Thanks for the kind words.

My point was simply that it's funny that the media (MacRumors specifically) often refers to him as an expert when his level of expertise is only slightly above that of the average user. He's the guy quick to go to the media and fluff up accomplishments but not really doing any real work.
[doublepost=1489515225][/doublepost]
If he knew more than Johnathan, Apple would have hired him.

Back in 2008 I met with Apple's iOS security team. We showed them a tool we'd developed that pulls out passwords, email history, text messages, location data, network information, browsing history and more from the iPhone. They still claimed it was secure, what we were doing was impossible (despite seeing it right before they own eyes) and refused to work with us.
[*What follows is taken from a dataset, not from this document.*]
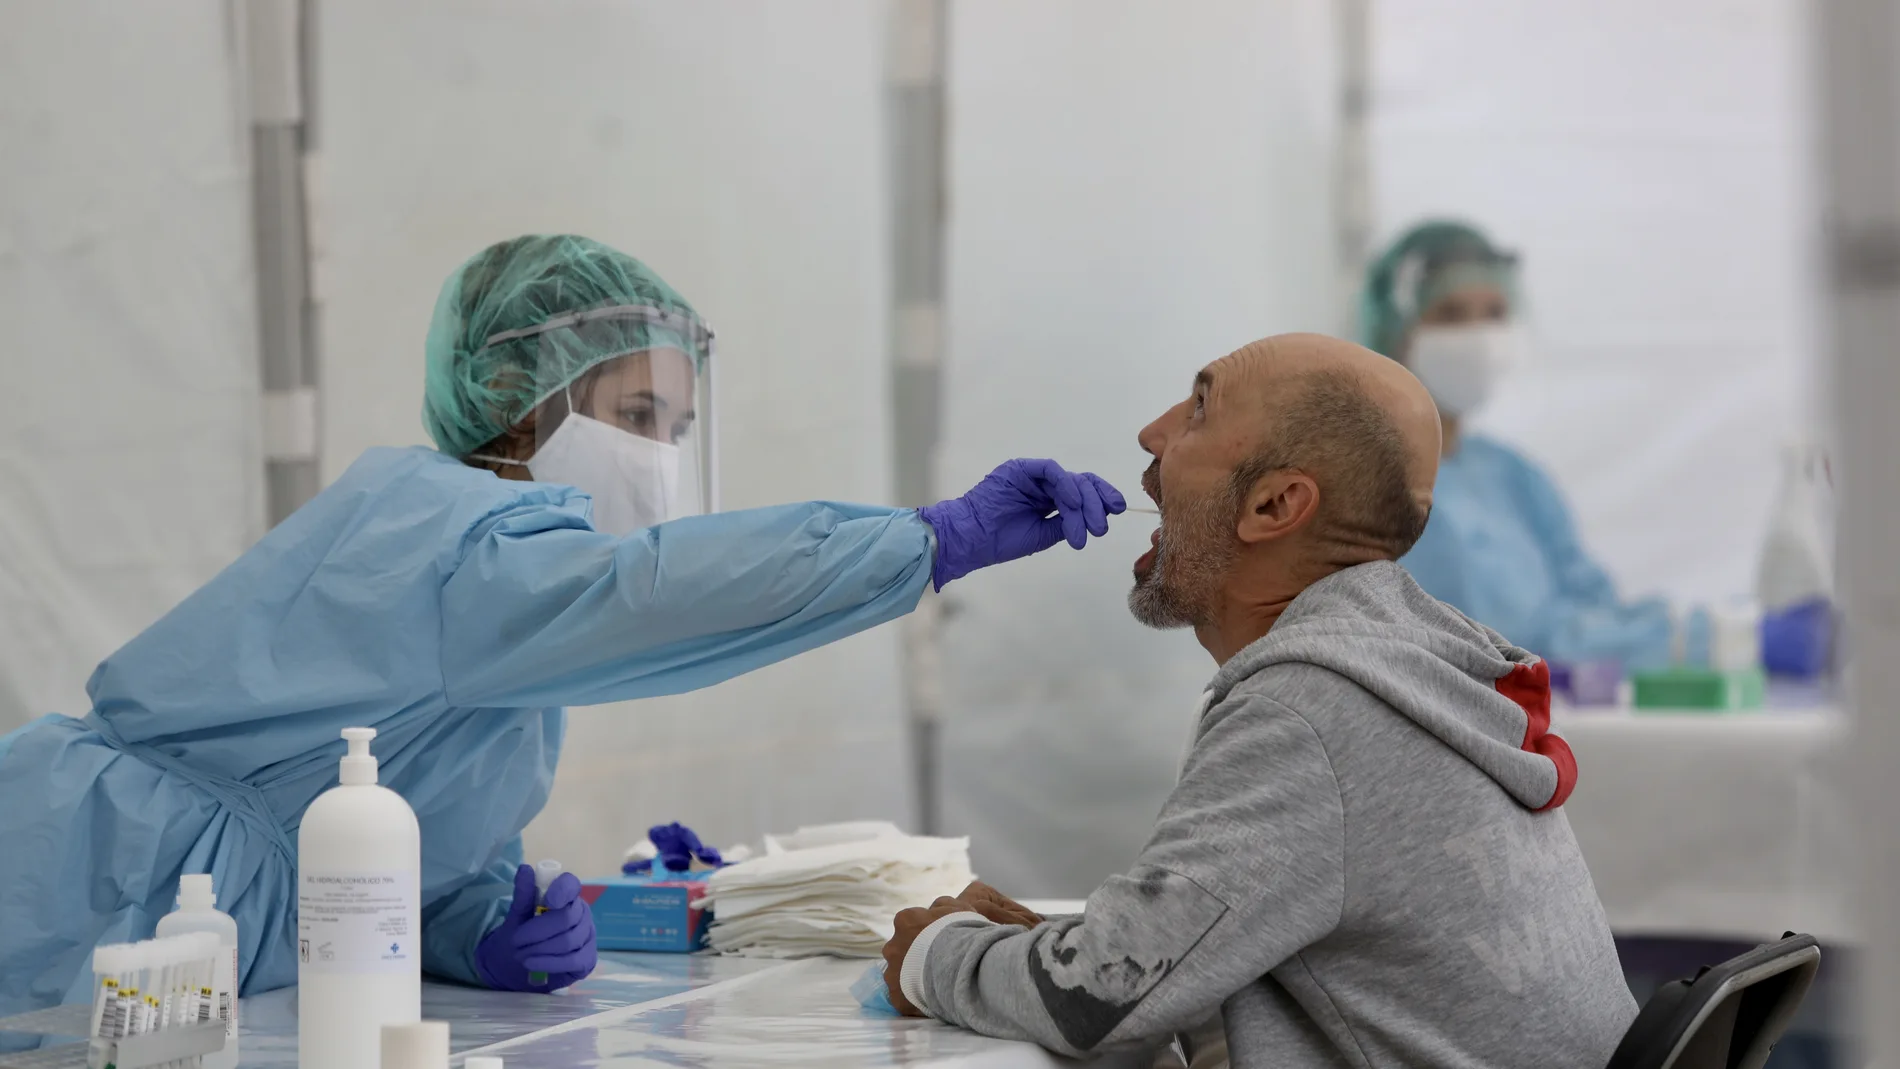 Una sanitaria le realiza un frotis bucal a un paciente para realizar el test que detecta la Covid-19

So we worked with Apple's government sales guys and sold the hell out of this product to law enforcement. They've only made minor changes since then which have required very minor work to keep this method of exploiting macOS and iOS security working.

Myself and my boss have spoken about computer forensics (Mac/iOS most often) at multiple MacWorlds, the DoD Cyber Crime Summit multiple years, numerous HTCIA events including their national event each year, and countless others across the world. I've trained law enforcement around the world in Mac/iOS examination. I created the concept and first software which have now become standard features in all major industry forensic tools. I may have some expertise on the topic.

You're assuming this is some big position they've offered him. MacRumors has frequently talked him up quite a bit. The reality is, he's a nobody within the world of computer forensics. Throw his name out at a conference and they'll have no idea who he is. Say someone else's name, like Andy Rosen, and they'll be able to tell you instantly about their contributions to computer security and forensics.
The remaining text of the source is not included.